## [What needs to be done]
For this exercise, write out only the lines of the entries below from the one with "Pictet AM Canada - Pictet Asset Management" up to and including the one with "Red camellia", exactly as they are. Pictures stay out.

## [Given data]

______

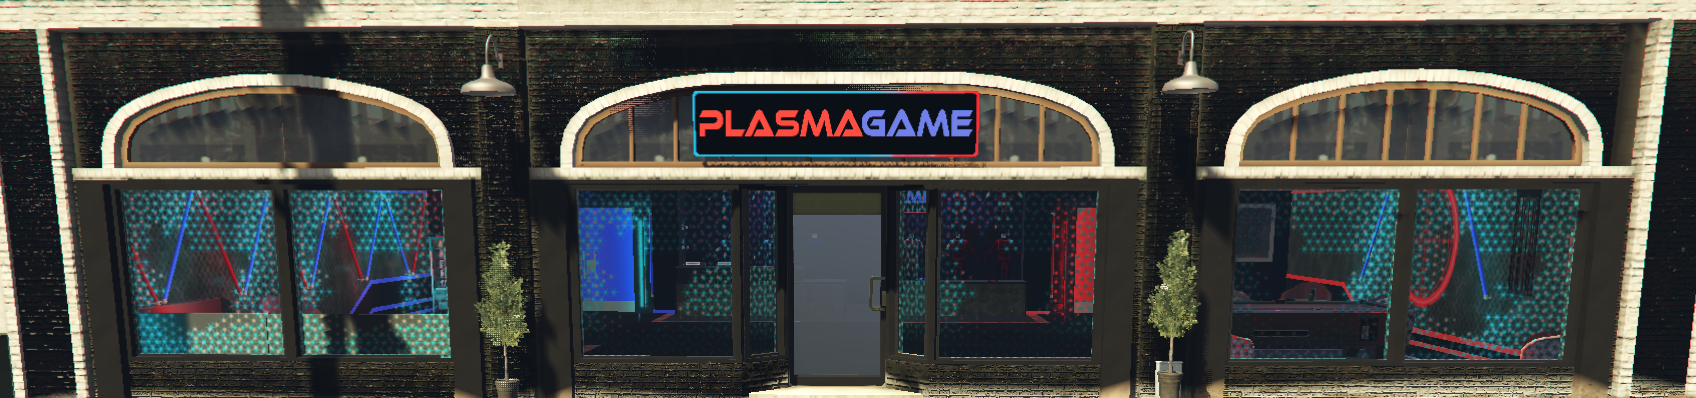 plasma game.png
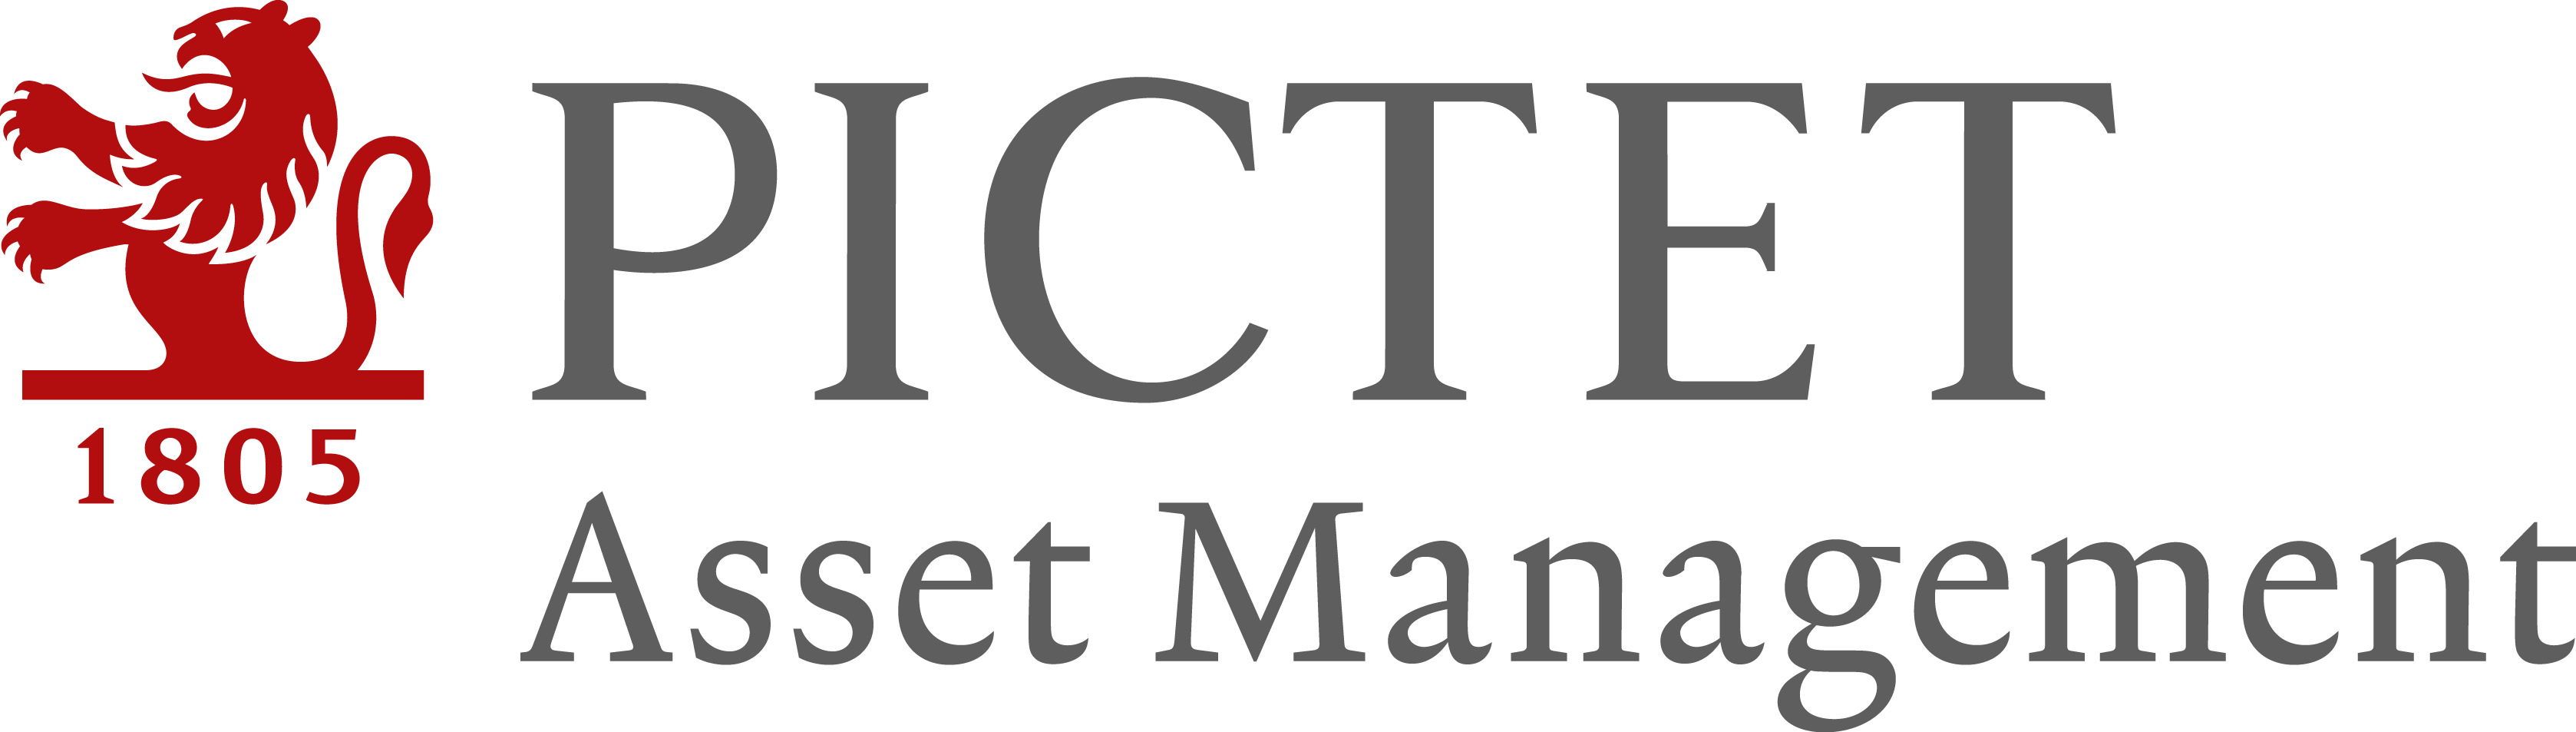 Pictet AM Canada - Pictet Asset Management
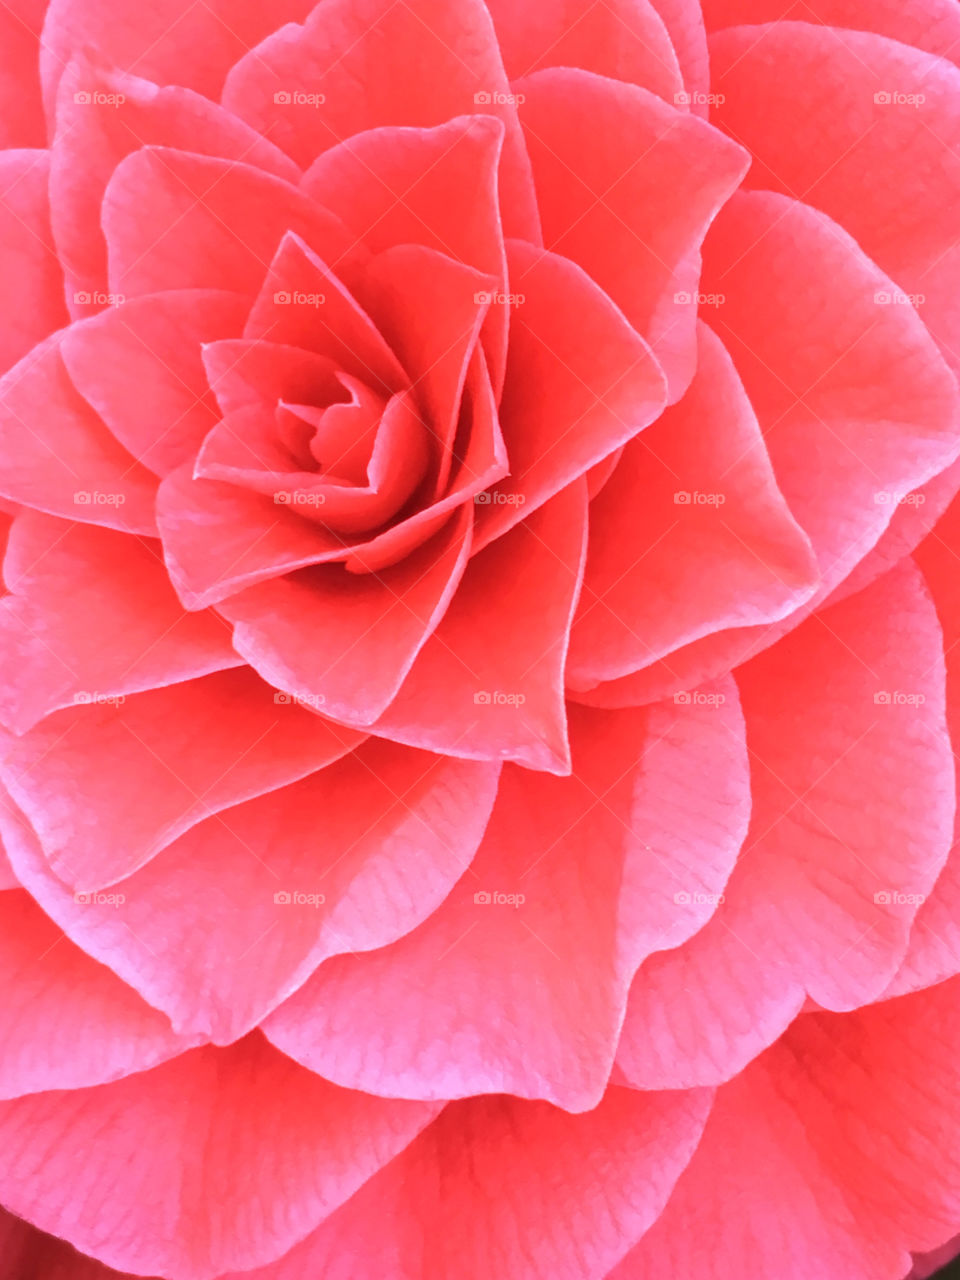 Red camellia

______

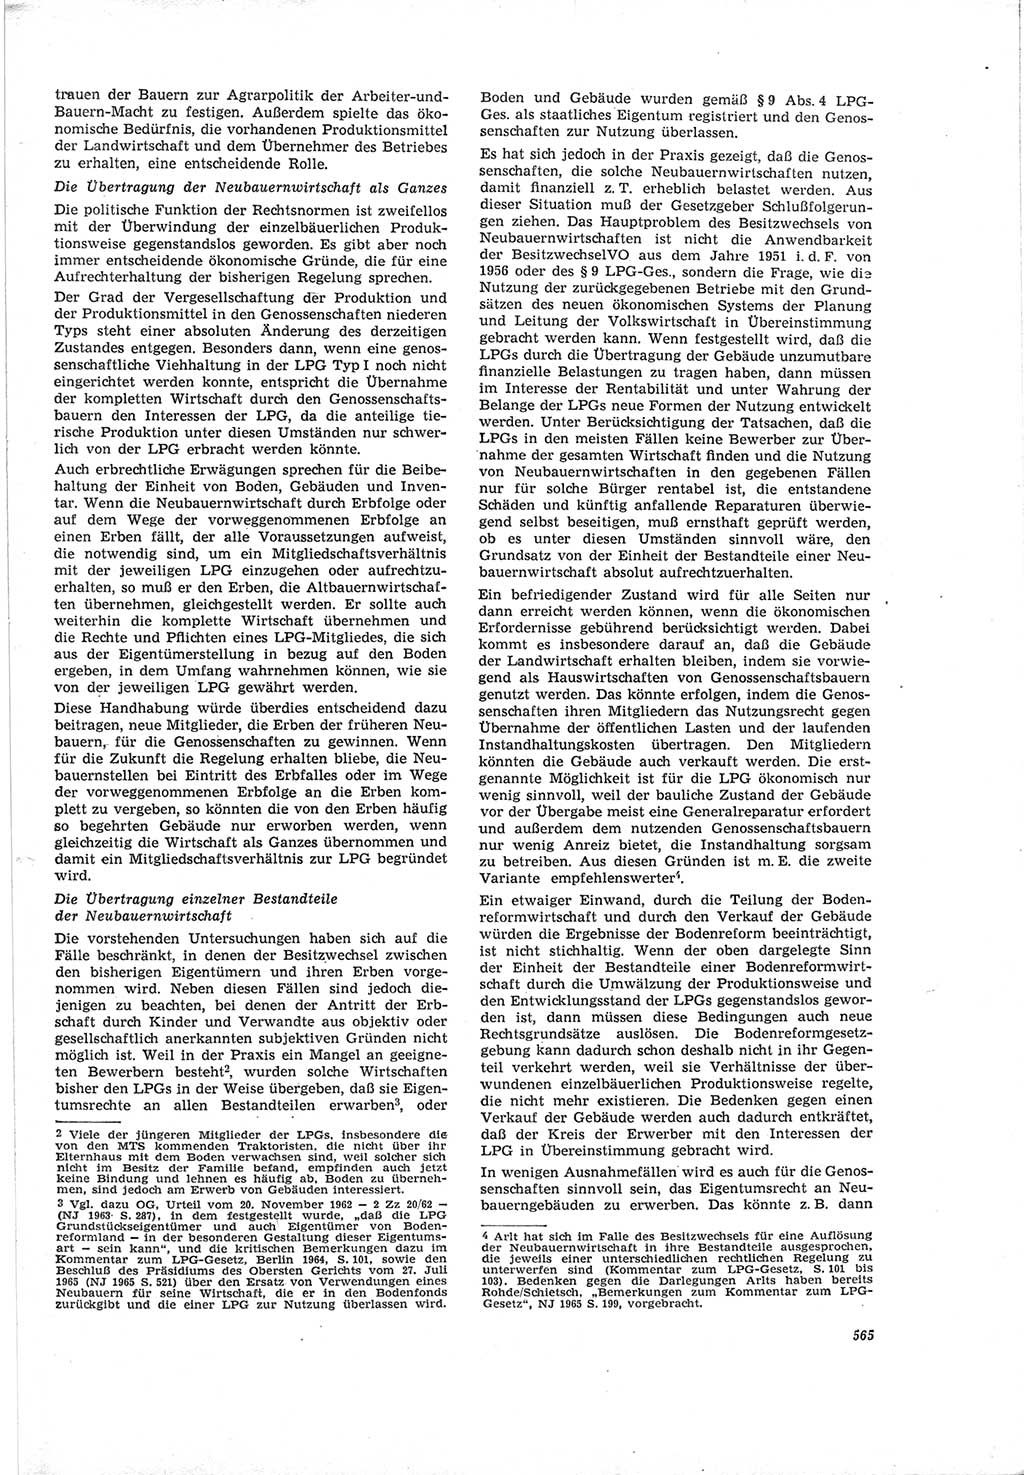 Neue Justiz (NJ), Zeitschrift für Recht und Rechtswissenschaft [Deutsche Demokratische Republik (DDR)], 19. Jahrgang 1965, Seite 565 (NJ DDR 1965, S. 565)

______

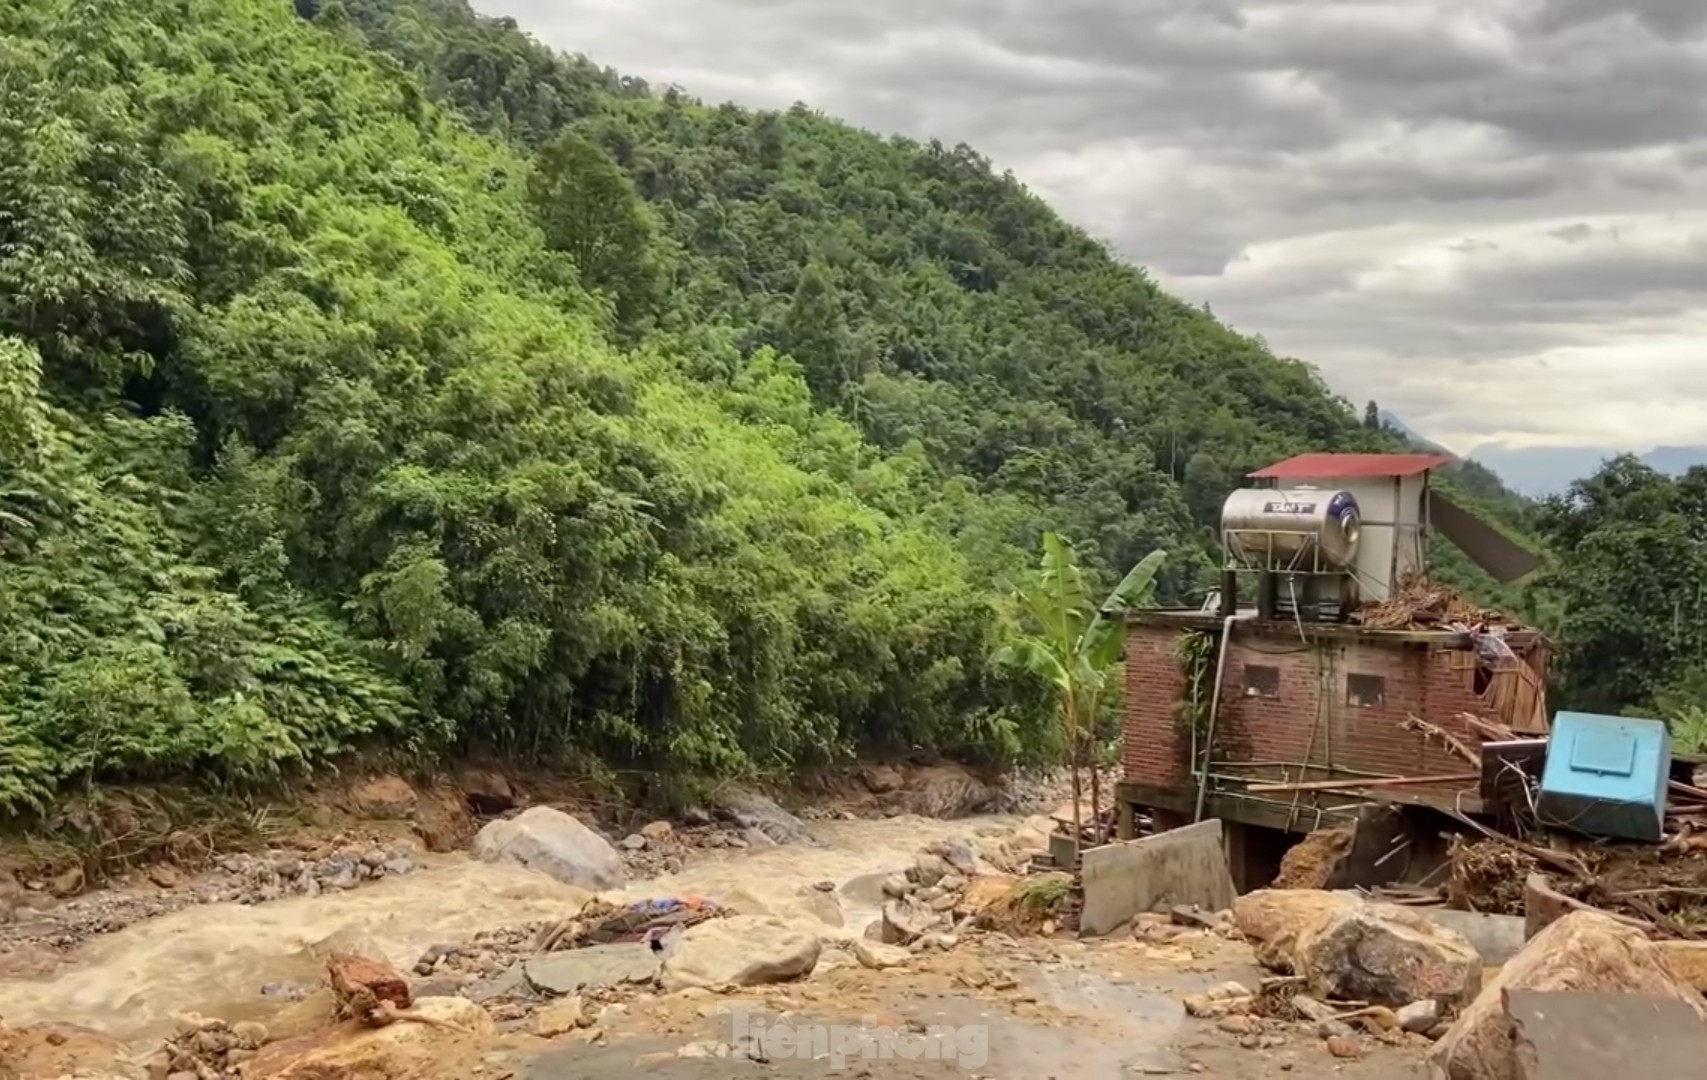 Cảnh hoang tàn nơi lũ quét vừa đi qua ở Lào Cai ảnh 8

______

## [Problem solution]
 Pictet AM Canada - Pictet Asset Management
 Red camellia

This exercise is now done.